Гарри Каспаров выступил с обращением, которое всем, кто знаком с политической историей, остро напоминает выступления Александра Солженицына в США в 1970-е. Как и Солженицын, Каспаров бросает Западу взволнованный упрёк в отсутствии политической воли: сегодняшний компромисс с нелиберальными режимами обойдется дорого завтра. Каспаров, как и Солженицын, не рассчитывает на демократическое движение в России "снизу", призывает к ужесточению санкций с единственным расчетом на раскол кремлёвских элит.

Гарри Каспаров – умный, опытный, всемирно известный человек, его голос имеет значение. Он фиксирует позицию, которая, несомненно, останется в политической истории, так же как и позиция Солженицына. Аналогия усиливается еще и тем, что голос Солженицына звучал "без адресата", но уже через несколько лет президентом США стал Рональд Рейган и "время компромисса" кончилось. Ещё через несколько лет начался "раскол элиты" в советском руководстве, и в 1991 году "Восточный блок" распался. Эта аналогия создает и контекст некоторой надежды в отношении позиции Каспарова.

Однако сейчас ситуация сложнее, чем она была в конце советского периода. Дело не в нехватке политической воли у руководителей Запада, а в гораздо более масштабной проблеме. В начале столетия и внутри Запада, и вне его стабилизировалось много "иллиберальных режимов", хорошо встроенных в глобальный экономический обмен.

Разумеется, Саудовская Аравия – не то же самое, что Венгрия, а Филиппины – не то же самое, что Турция, всё это разные формы "иллиберализма". Но в целом образуется широкий контур политических режимов и укладов общественной жизни, которые гораздо ниже тех стандартов верховенства права, демократии и прав человека, которые являлись нормативными для политики Запада весь послевоенный период. Этот "иллиберализм" (по-русски часто используется термин "фиктивная демократия") не объединен в "блок", как это было во времена противостояния "двух систем", и это ещё более ухудшает ситуацию. "Восточный блок" совершенно иначе был встроен в систему глобальной конкуренции, в мировую экономику, чем весь нынешний мир иллиберализма. Он имел гораздо более консолидированную политическую теорию, которая не только критиковала потребительское общество Запада, но и предлагала альтернативную концепцию "свободы, равенства и братства". Интеллектуальный, политический и военный ответ было гораздо проще построить, чем ответ на сегодняшнюю ситуацию.

Всё это заставляет задуматься о том, что точечный ответ Запада на угрозу, которую несет Кремль, скорее всего, уже невозможен.
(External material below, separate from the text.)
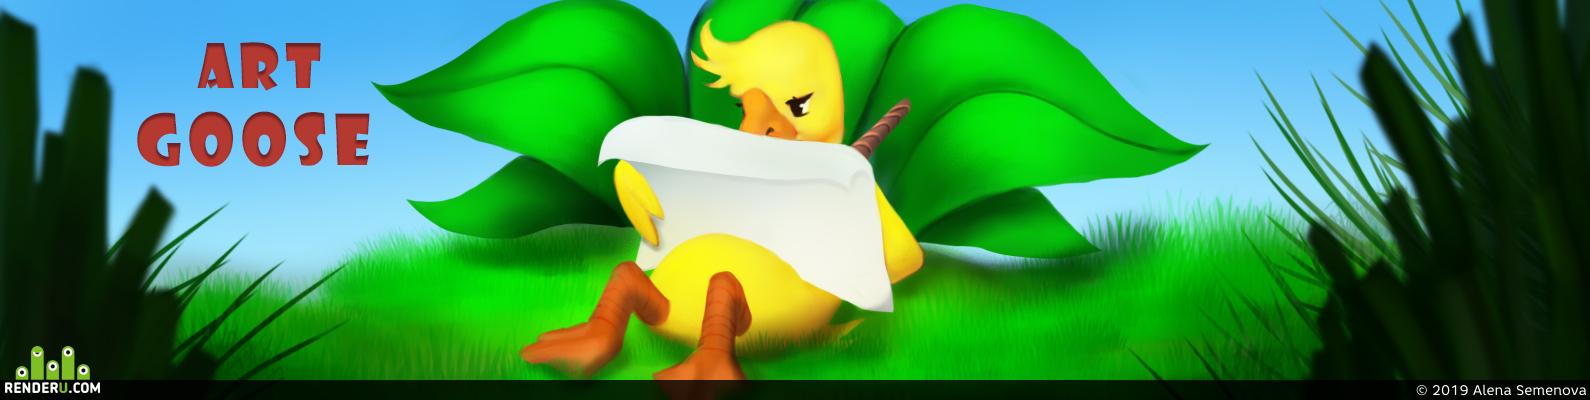 preview Art goose

Кремль стремительно "растворяется" в общем контуре иллиберальных глобальных тенденций. По-видимому, "проблема Кремля" теперь может быть решена только в более масштабном контексте. Здесь вызов такого масштаба, что глобальным силам разных стран и континентов требуется пробуждающее событие масштаба Французской революции или объединенной победы над нацизмом. Только так к жизни могут быть вызваны энергии, которые были бы в состоянии захватить весь посттранзитный, постколониальный мир, сложившийся после 1945-го и после 1991 годов. Требуется новое прочтение нормативных оснований, на которых покоятся общества, составляющие гуманистическое ядро человечества.

В российском обществе, как и в других иллиберальных режимах, есть та часть, которая станет участницей этого процесса, когда и если он начнется. В этом нет сомнений. Но вот надежда на нового Рейгана, который сможет консолидировать Запад в походе против глобального тренда, частью которого стала путинская Россия, – эта надежда, честно говоря, выглядит безосновательной. Надежда теперь связана со способностью человечества к более масштабной саморефлексии, чем те модели борьбы с "Восточным блоком", которые оказались успешными в прошлом.